La disposition litigieuse vise donc à empêcher que les ventes de terrains agricoles ou sylvicoles réalisées dans le cadre d’une procédure d’appel d’offres interviennent à des prix qui s’écartent substantiellement de plus de 50 % des prix considérés par les autorités locales compétentes comme étant «acceptables», c’est-à-dire proportionnés à ce qu’elles estiment être leur valeur marchande agricole.

39.

Cela précisé, il importe de relever que la mise en œuvre du dispositif litigieux, qui implique par hypothèse que le prix le plus élevé proposé pour un terrain déterminé dans le cadre d’une procédure d’appel d’offres soit supérieur de plus de 50 % à la valeur marchande agricole estimée par les autorités locales compétentes, peut théoriquement intervenir dans des cas de figure très différents, qui varient notamment en fonction du nombre d’offres soumises et de la structure des prix proposés.

40.

C’est souligner par là qu’il n’est pas possible d’apprécier le dispositif litigieux et de trancher la question de sa qualification au regard de l’article 107 TFUE sans prendre en considération les conditions concrètes de sa mise en œuvre et plus précisément les circonstances dans lesquelles il en est fait application. Comme j’aurai l’occasion de le montrer, l’appréciation du caractère disproportionné du prix offert dans le cadre d’une procédure d’appel d’offres pour un terrain déterminé n’est pas la même selon que cette procédure n’a suscité qu’une seule offre, un nombre très réduit d’offres ou un grand nombre d’offres.

41.

Il s’ensuit que, pour apprécier si tel est le cas, il conviendra, certes, d’examiner les modalités concrètes de détermination par les autorités locales compétentes de la valeur marchande agricole des terrains, mais également de prendre en compte le nombre d’offres soumises et la structure des prix proposés dans le cadre de la procédure d’appel d’offres.
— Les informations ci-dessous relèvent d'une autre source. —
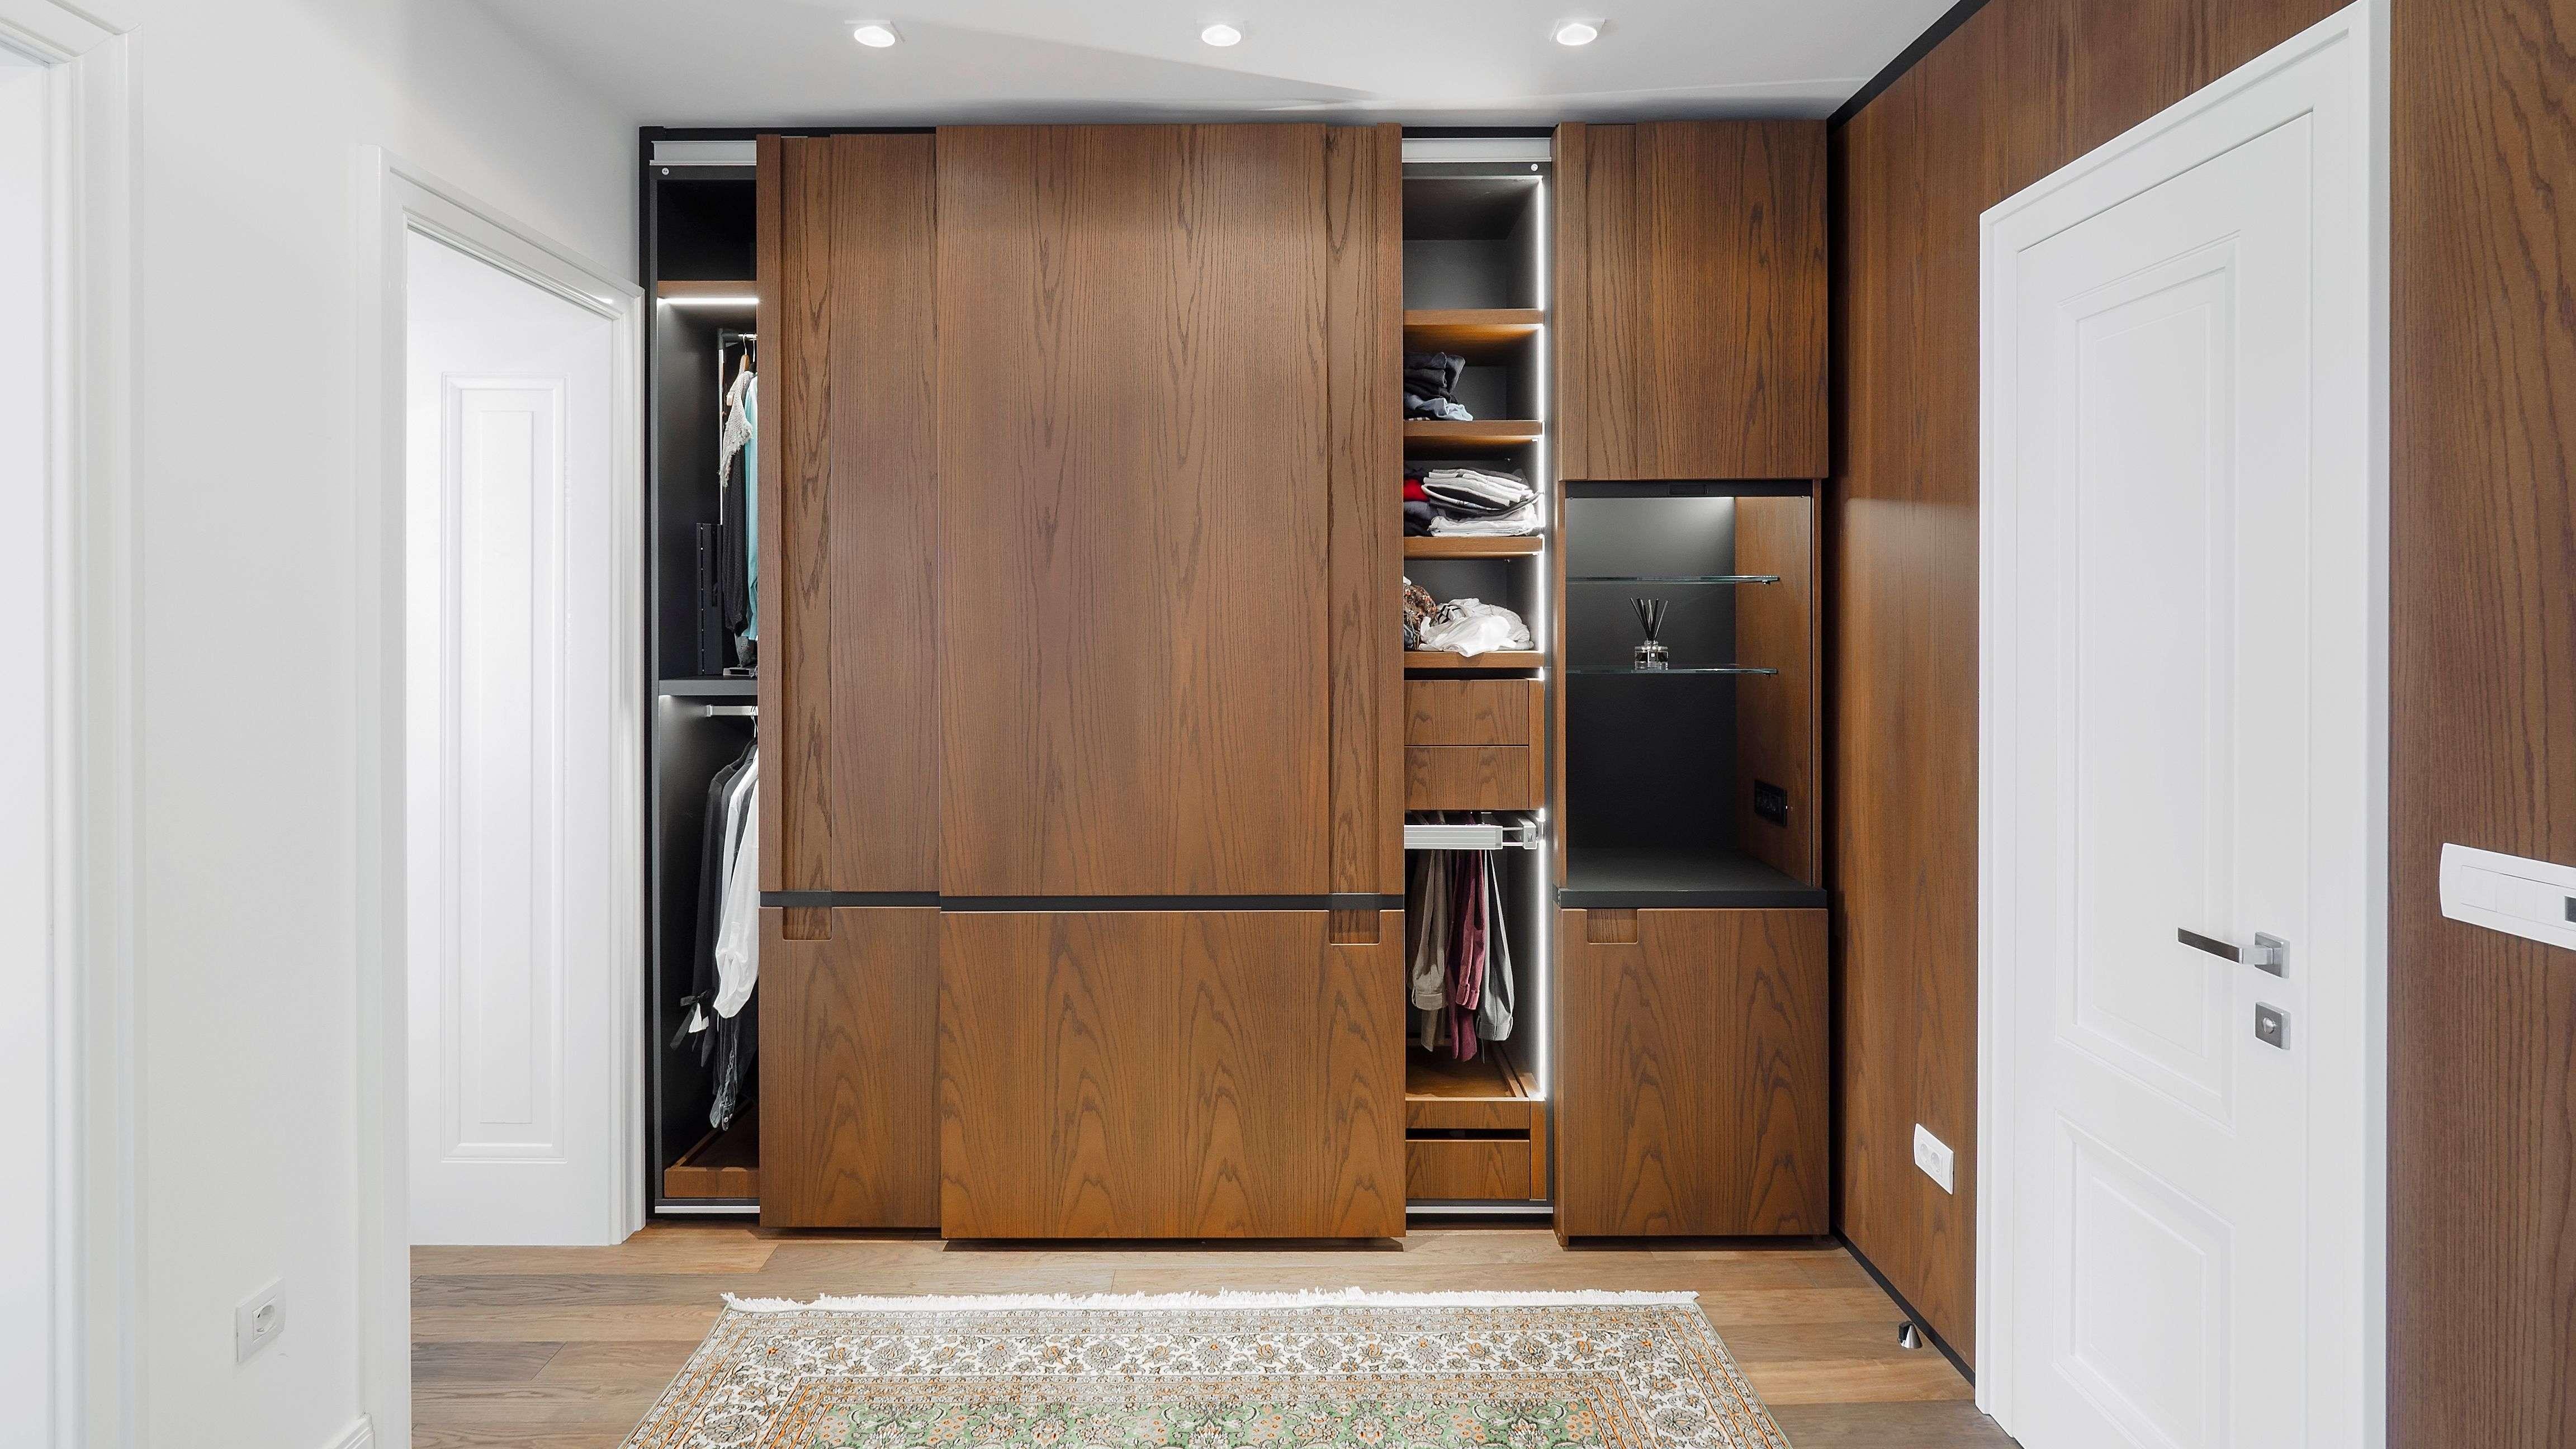 Wardrobe door and accessories buying guide

D – Sur la particularité de la situation au principal

42.

Il convient, enfin, d’insister sur la particularité de la situation au principal, qui fait l’objet de la troisième interrogation de la juridiction de renvoi ( 27 ) et qui fournit au gouvernement allemand l’un des principaux arguments lui permettant de conclure que le dispositif litigieux ne peut être qualifié d’aide d’État.

43.

Ce dernier fait, en effet, valoir que la décision de refus d’autorisation en cause au principal n’implique aucune obligation pour la BVVG de vendre le terrain litigieux à l’agriculteur professionnel ayant manifesté son intérêt pour en faire l’acquisition. Il ne saurait donc être considéré que le terrain litigieux a été vendu à un prix inférieur au prix du marché tel que fixé dans le cadre de l’appel d’offres public. La disposition litigieuse ne pourrait, par voie de conséquence, être qualifiée d’aide d’État, faute de toute intervention effective au moyen de ressources d’État.

44.

Il est certes exact, que, en l’absence de toute vente du terrain litigieux à l’agriculteur professionnel ayant manifesté son intérêt dans le cadre de la procédure d’appel d’offres public en cause au principal à un prix inférieur à l’offre la plus élevée, il ne saurait être considéré qu’il y a octroi d’une aide effective.

45.

Toutefois, si cette vente n’est effectivement pas intervenue dans l’affaire au principal, c’est d’abord et essentiellement en raison du fait que les deux parties au contrat, qui fait l’objet de la décision de refus d’autorisation, ont contesté cette décision devant les juridictions allemandes, la BVVG soulevant précisément la question de savoir si la disposition litigieuse relève de la qualification d’aide d’État qui se trouve à l’origine de la présente procédure préjudicielle.

46.

Par ailleurs, la circonstance que les autorités locales compétentes n’aient pas encore donné suite à leur décision de refus d’autorisation dans un cas déterminé ne saurait permettre de conclure que la question de la qualification de la disposition litigieuse comme aide d’État est hypothétique. Il ne saurait, en particulier, être considéré que le comportement allégué des autorités locales compétentes se reproduira systématiquement et perpétuellement, sauf à vider la disposition litigieuse de toute substance et de tout effet.

47.

En tout état de cause, la circonstance que les autorités locales compétentes disposent d’un pouvoir discrétionnaire sur les suites à réserver à leur décision de refus d’autorisation demeure sans incidence sur la question de savoir si le dispositif litigieux est susceptible de receler des éléments d’aides d’État. La qualification d’une mesure d’aide d’État ne saurait, sans remettre en cause le système de contrôle permanent des aides d’État établi par les articles 107 et 108 TFUE, être subordonnée ni à la constatation préalable de son exécution effective ni même à l’évaluation prospective de sa fréquence d’exécution.

48.

Au terme de ces premiers développements, je suis en état d’aborder le cœur du problème soulevé par le litige au principal, qui est de déterminer si et dans quelle mesure la mise en œuvre du dispositif litigieux est susceptible de relever de la qualification d’aide d’État.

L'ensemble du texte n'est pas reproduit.